1. [Import](#Import)
1. [Serializing fiited scikit-learn estimators](#Serializingfiited-scikit-learn-estimators)
1. [Setting up an SQLite database for data storage](#Setting-up-an-SQLite-database-for-data-storage)
1. [Developing a web application with Flask](#Developing-a-web-application-with-Flask)
    1. [Extremely basic Flask app](#Extremely-basic-Flask-app)
    1. [Very basic Flask app](#Very-basic-Flask-app)
    1. [Movie classifier web app](#Movie-classifier-web-app)

# Import

<a id = 'Import'></a>

In [2]:
# standard libary and settings
import os
import sys
import importlib
import itertools
from io import StringIO
import warnings

warnings.simplefilter("ignore")
from IPython.core.display import display, HTML

display(HTML("<style>.container { width:95% !important; }</style>"))

# data extensions and settings
import numpy as np

np.set_printoptions(threshold=np.inf, suppress=True)
import pandas as pd

pd.set_option("display.max_rows", 500)
pd.options.display.float_format = "{:,.6f}".format

# modeling extensions
import sklearn.base as base
import sklearn.cluster as cluster
import sklearn.datasets as datasets
import sklearn.decomposition as decomposition
import sklearn.ensemble as ensemble
import sklearn.feature_extraction as feature_extraction
import sklearn.feature_selection as feature_selection
import sklearn.linear_model as linear_model
import sklearn.metrics as metrics
import sklearn.model_selection as model_selection
import sklearn.neighbors as neighbors
import sklearn.pipeline as pipeline
import sklearn.preprocessing as preprocessing
import sklearn.svm as svm
import sklearn.tree as tree
import sklearn.discriminant_analysis as discriminant_analysis
import sklearn.utils as utils

# visualization extensions and settings
import seaborn as sns
import matplotlib.pyplot as plt

# custom extensions and settings
sys.path.append("/home/mlmachine") if "/home/mlmachine" not in sys.path else None
sys.path.append("/home/prettierplot") if "/home/prettierplot" not in sys.path else None

import mlmachine as mlm
from prettierplot.plotter import PrettierPlot
import prettierplot.style as style

# magic functions
%matplotlib inline

# Serializing fiited scikit-learn estimators

Training a model can take awhile, and we lose it when the Python interpreter closes. Since we don't want to train a model every time we want to use it, we can use the pickle module to save the learned model. Pickle enables us to serialize and deserialize Python objects to compact bytecode so that we can save our classifier in its current state and then reload it later, even after the interpreter has been closed. With this pickle file in hand, we can classify new samples without needing the model to learn from the training data from scratch again.

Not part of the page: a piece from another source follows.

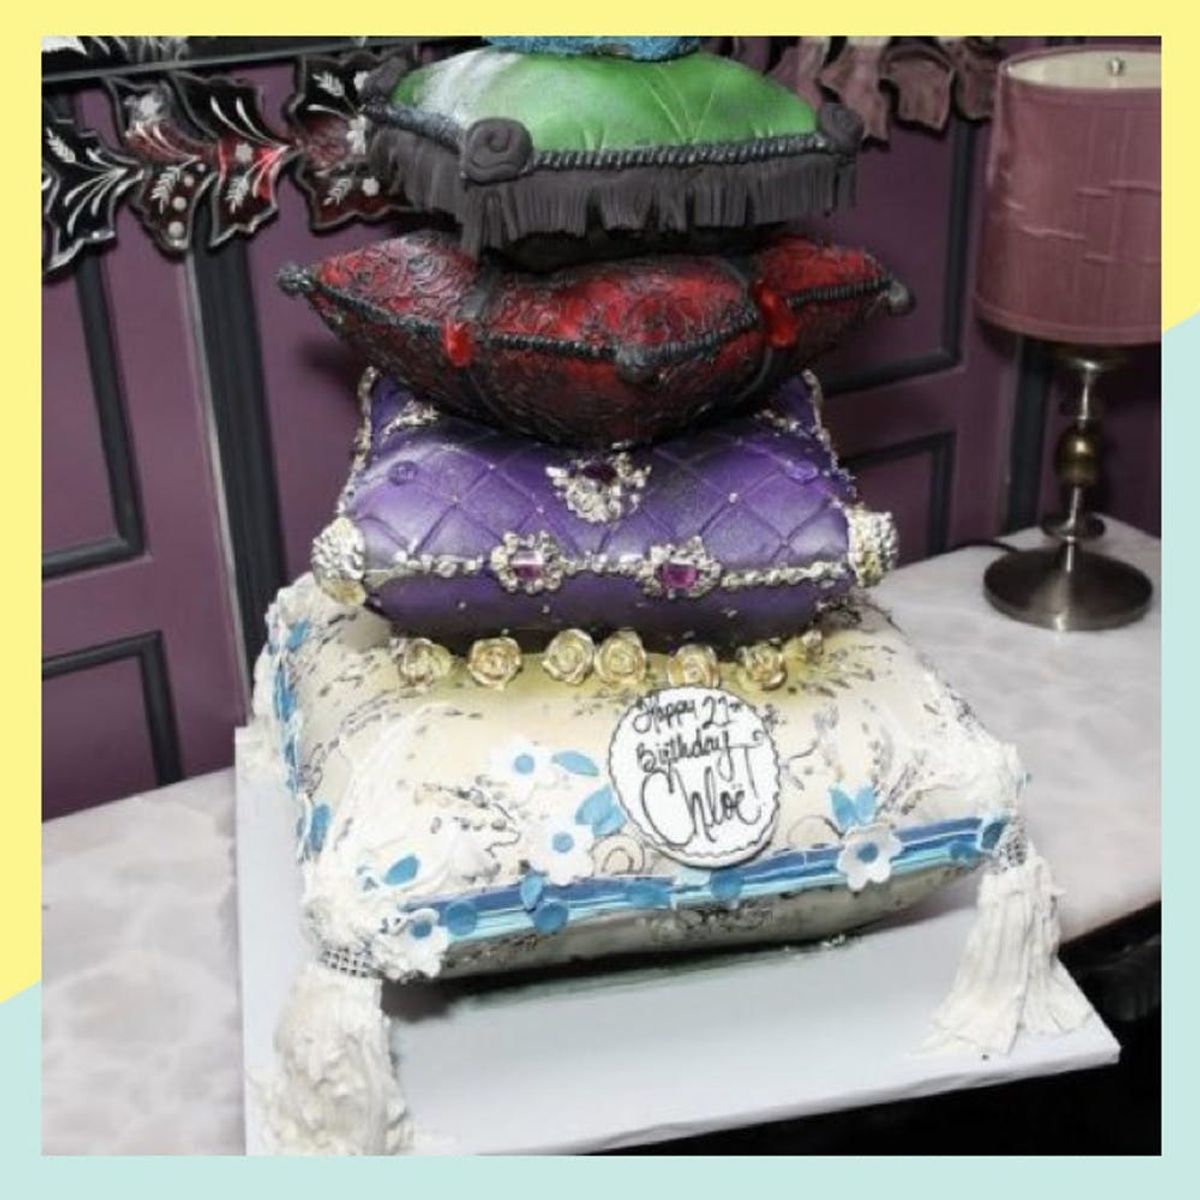 Chloë Grace Moretz Had the Most Outrageous Cake at Her 21st Birthday Party

This was created in the Chapter 8 notebook.



<a id = 'Serializingfiited-scikit-learn-estimators'></a>

In [3]:
# load stop words
import re
import pickle

cur_dir = os.path.dirname("__file__")
stop = pickle.load(
    open(
        os.path.join(
            cur_dir, "ch09_Flask_Apps", "movieClassifier", "pkl_objects", "stopwords.pkl"
        ),
        "rb",
    )
)

# regrex function for removing emoticons and replacing them at the end
def text_processor(text):
    text = re.sub("<[^>]*>", "", text)
    emoticons = re.findall("(?::|;|=)(?:-)?(?:\)|\(|D|P)", text.lower())
    text = re.sub("[\W]+", " ", text.lower()) + " ".join(emoticons).replace("-", "")
    tokenized = [w for w in text.split() if w not in stop]
    return tokenized


# create HashingVectorizer
vect = feature_extraction.text.HashingVectorizer(
    decode_error="ignore",
    n_features=2 ** 21,
    preprocessor=None,
    tokenizer=text_processor,
)

# load classifier
clf = pickle.load(
    open(
        os.path.join(
            cur_dir,
            "ch09_Flask_Apps",
            "movieClassifier",
            "pkl_objects",
            "classifier.pkl",
        ),
        "rb",
    )
)



In [4]:
# review model
clf

SGDClassifier(alpha=0.0001, average=False, class_weight=None,
              early_stopping=False, epsilon=0.1, eta0=0.0, fit_intercept=True,
              l1_ratio=0.15, learning_rate='optimal', loss='log', max_iter=None,
              n_iter_no_change=5, n_jobs=None, penalty='l2', power_t=0.5,
              random_state=1, shuffle=True, tol=None, validation_fraction=0.1,
              verbose=0, warm_start=False)

In [5]:
# test that model was loaded correctly using obviously positive sample review
label = {0: "negative", 1: "positive"}
example = ["I love this movie. Best movie ever"]
X = vect.transform(example)
print(
    "Prediction: {:s} \nProbability: {:.1f}% \n".format(
        label[clf.predict(X)[0]], np.max(clf.predict_proba(X) * 100)
    )
)

Prediction: positive 
Probability: 91.3% 



In [6]:
# test that model was loaded correctly using obviously negative sample review
label = {0: "negative", 1: "positive"}
example = ["I hate this movie. It really sucks. The worst ever."]
X = vect.transform(example)
print(
    "Prediction: {:s} \nProbability: {:.1f}% \n".format(
        label[clf.predict(X)[0]], np.max(clf.predict_proba(X) * 100)
    )
)

Prediction: negative 
Probability: 96.0% 



# Setting up an SQLite database for data storage

SQLite is an open source SQL database engine that doesn't require a server to operate. It's effectively a single self-contained database file. We can use this to store information about our model and how users are interacting with our model.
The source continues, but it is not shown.